Has it dawned on you that there is now a way for organisations to watch your every move and to know your interest?
11:49 31 October 2017
And it involves not just CCTV systems installed in almost every part of the country but also your phone and the way you connect to the Internet.
Dr. Joss Wright, of the Oxford Internet Institute, said: “In terms of surveillance of your communications, then there’s all sorts of information: which websites you’ve been visiting, who you’ve been phoning - that kind of thing. That [data] is not so much in the physical realm, but there is increasing crossover: the signals - or ‘track-ability’ - of devices by [way of] the fact that they are broadcasting data and connecting to information.
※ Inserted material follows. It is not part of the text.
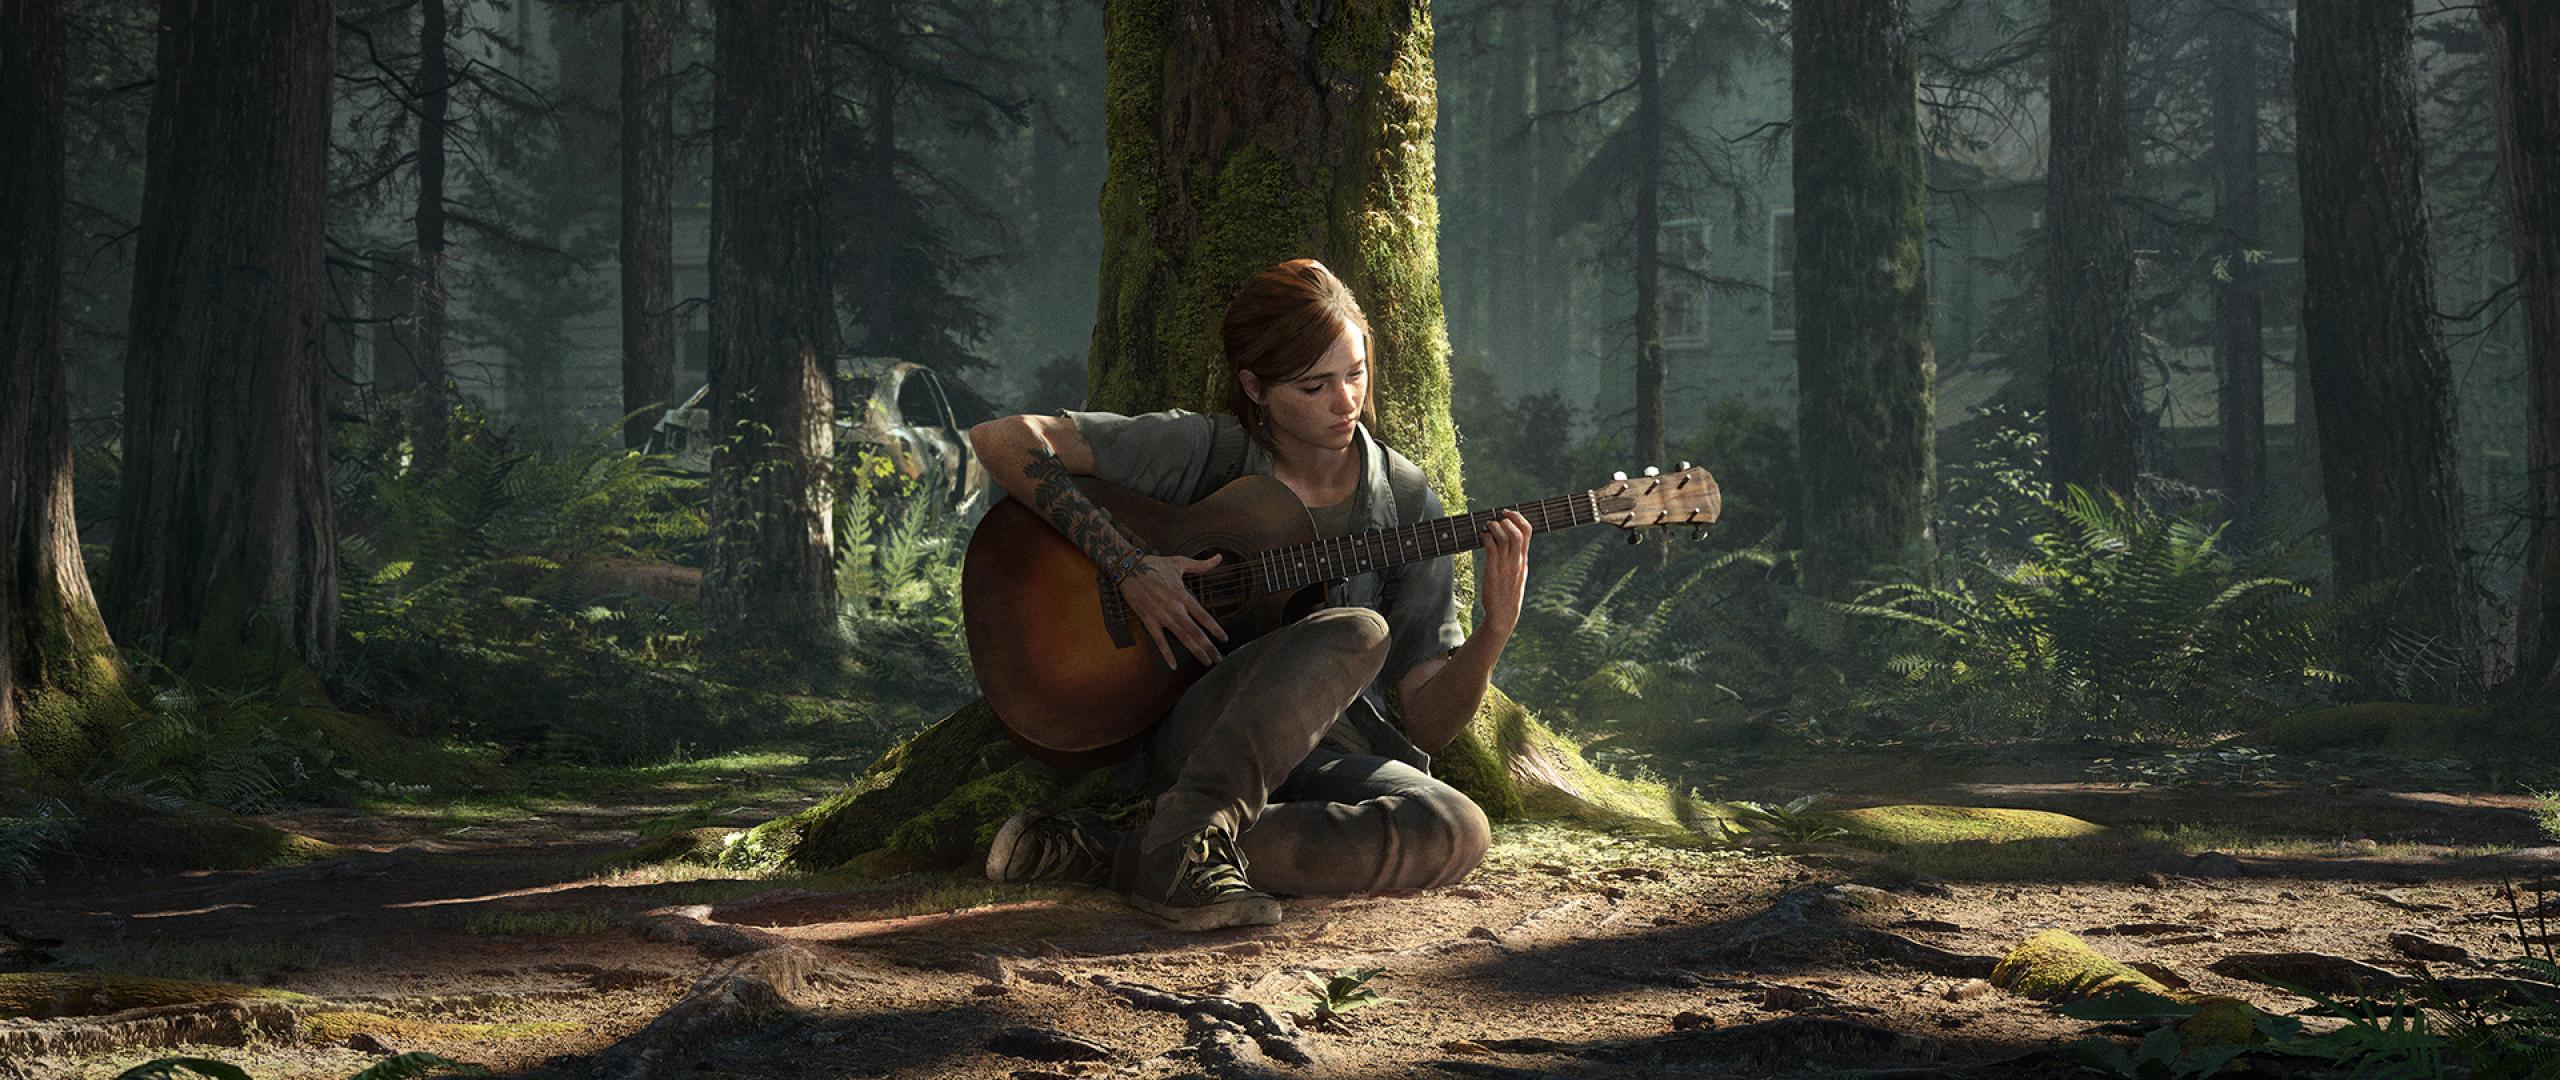 2560x1080 Ellie The Last of Us 2 2560x1080 Resolution Wallpaper 2560x1080

“Your mobile phone, because it connects from cell tower to cell tower, can be localised to within a couple of miles based just on when your mobile phone was connected to a particular tower. Then there are Wi-Fi connections. Your phone is constantly spewing out ‘seeking packets’, to see what Wi-Fi networks might be available… Your phone tends to send out the names of networks that you’ve connected to before, to see if they’re around.
"So, if your phone is connected to [your home network] it also tends to be broadcasting the name of that network as you’re walking around, and obviously that can be traced. [And] if your device’s Bluetooth is on, it will often be sending out pings looking for local devices around.
“Where this could go looking forward, obviously a shopping centre or an advertiser is going to be very interested to know who is seeing their adverts,” Wright continues.
“[Say] you walked past a [billboard]. Did you pause for a couple of seconds to look at the advert that was being displayed? If so, they can infer that you had some interest in that advert, and then potentially that… could feed into a profile about you. The next step up [could be]: if your phone is detected passing an advertising board, perhaps they might display an advert that was of interest to you as you walk past. This is where it could go on the corporate side.”
Businesses claim that the data they gather are used to “serve us better.” But where to we draw the line? When does public surveillance become dangerously invasive?